**Supplied data:**
╔══

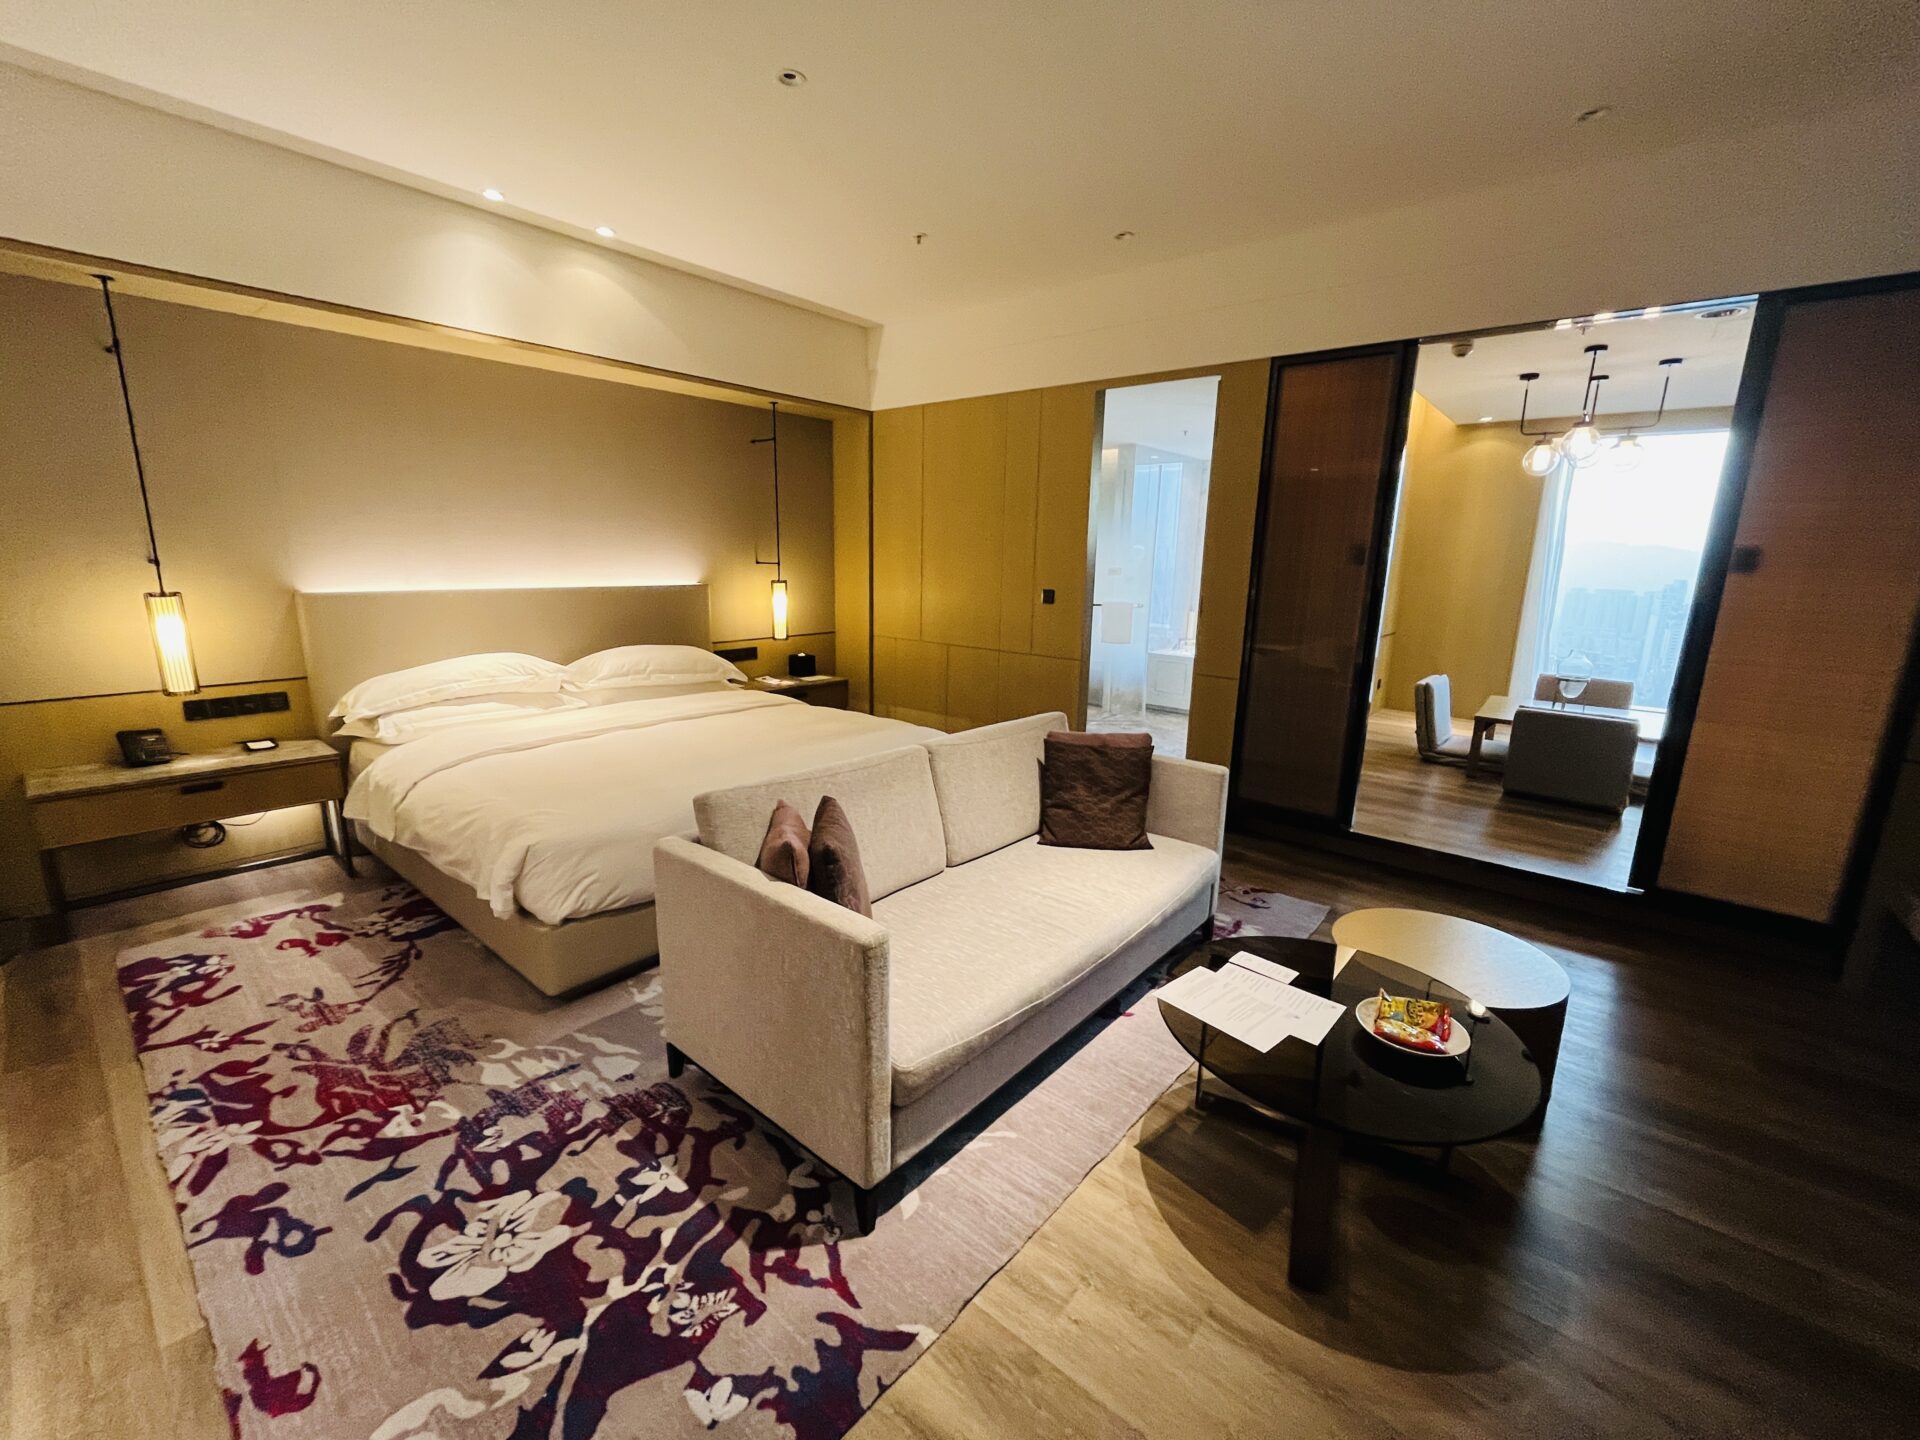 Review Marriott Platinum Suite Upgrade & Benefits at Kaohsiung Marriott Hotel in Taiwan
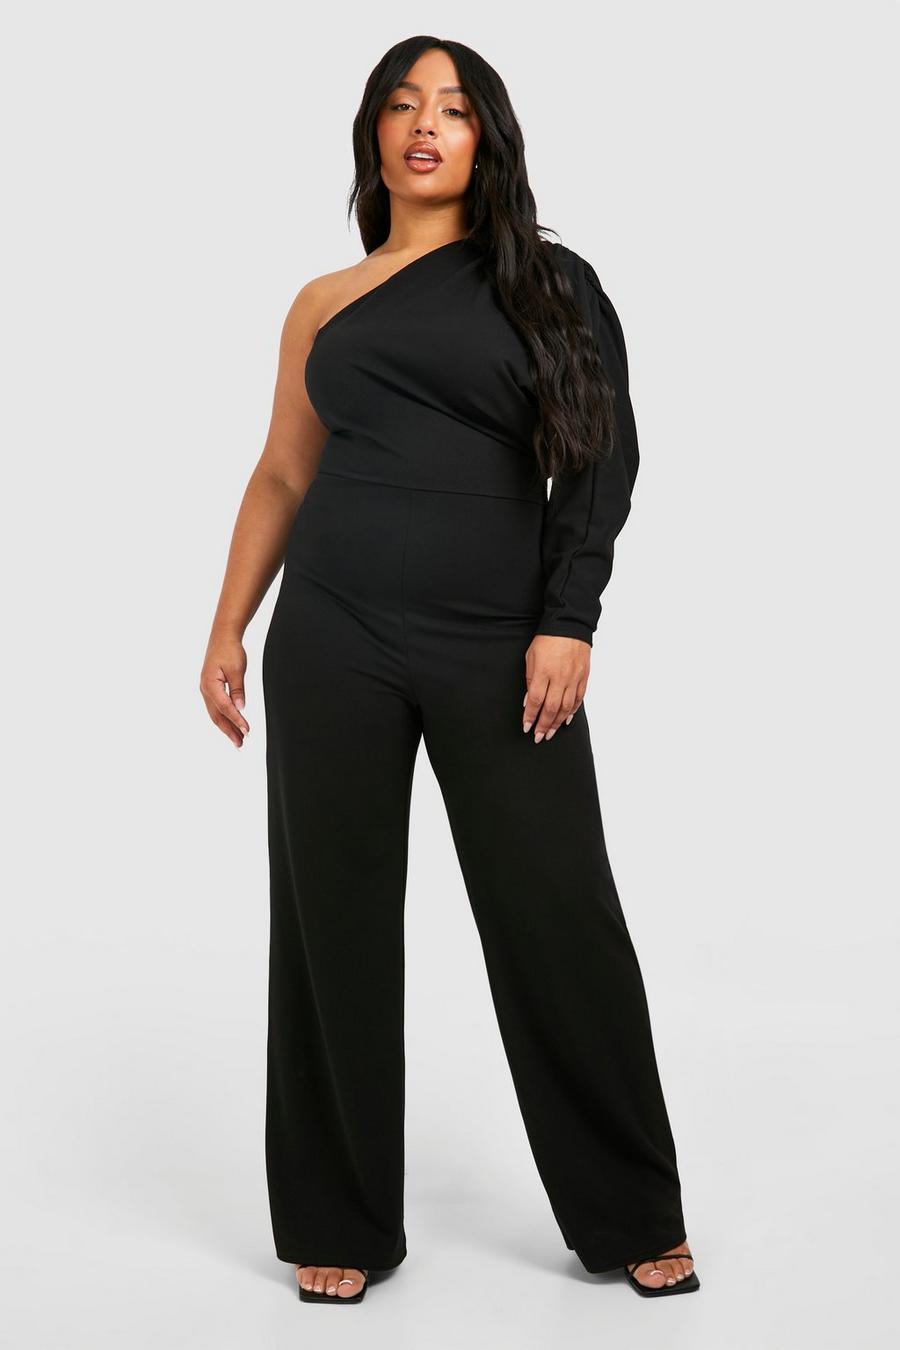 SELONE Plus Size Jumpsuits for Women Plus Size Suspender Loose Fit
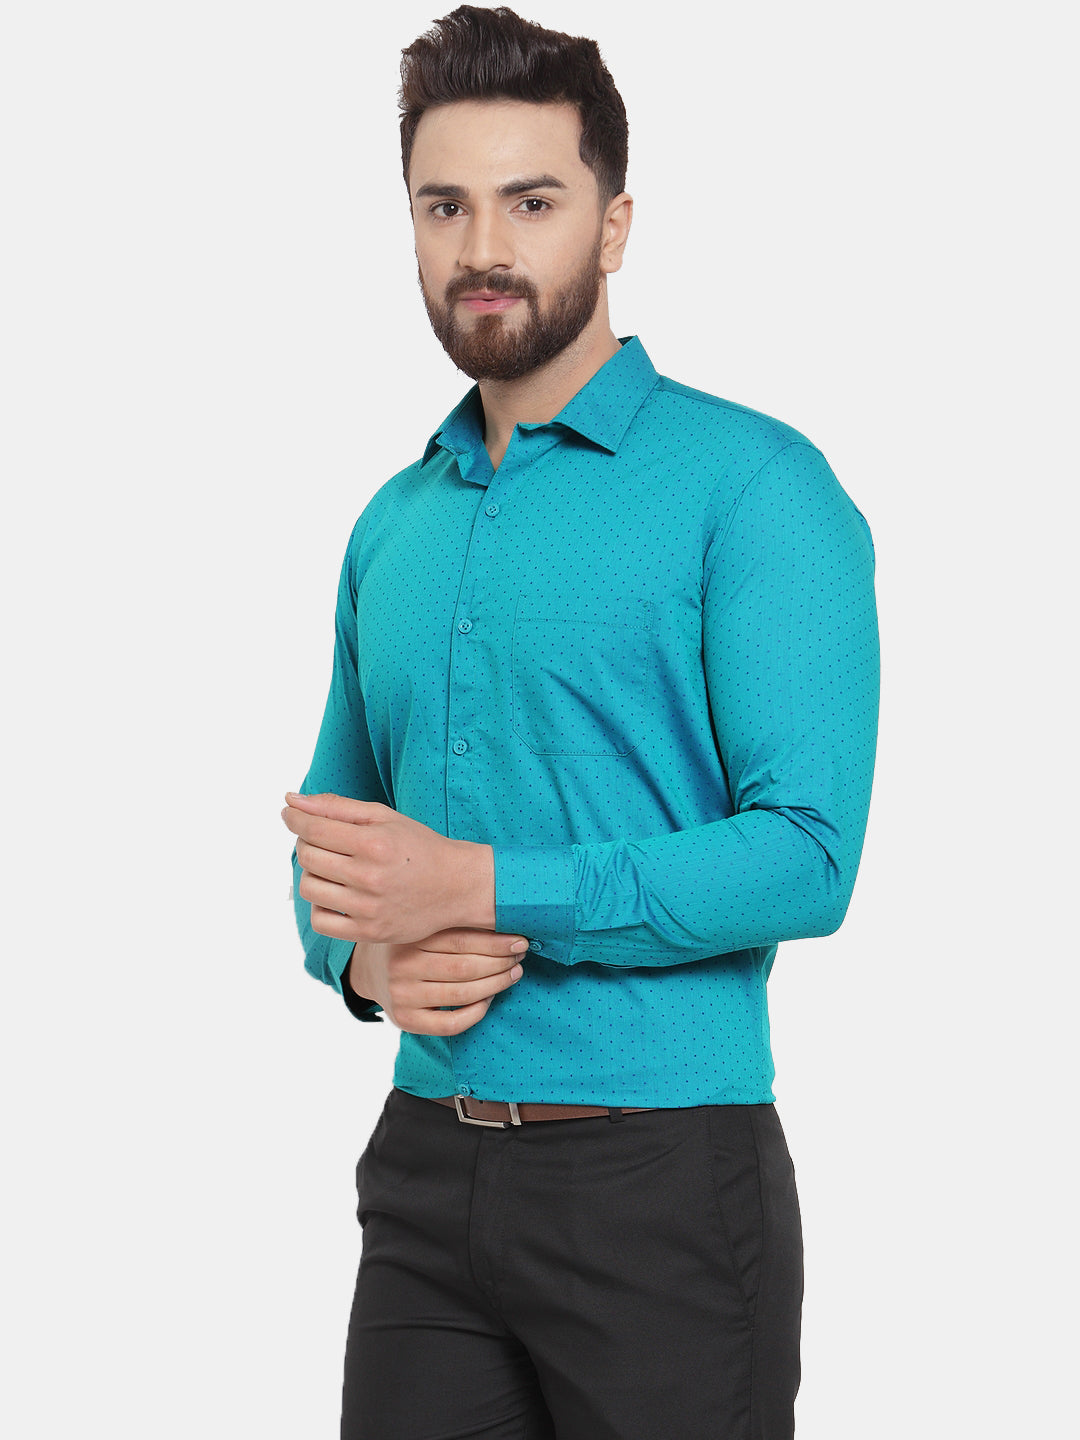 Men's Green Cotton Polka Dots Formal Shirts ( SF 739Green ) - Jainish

╚══

**Exercise aim:**
Retype the listing above exactly, pictures excluded.

**Response area:**
 Review Marriott Platinum Suite Upgrade & Benefits at Kaohsiung Marriott Hotel in Taiwan
 SELONE Plus Size Jumpsuits for Women Plus Size Suspender Loose Fit
 Men's Green Cotton Polka Dots Formal Shirts ( SF 739Green ) - Jainish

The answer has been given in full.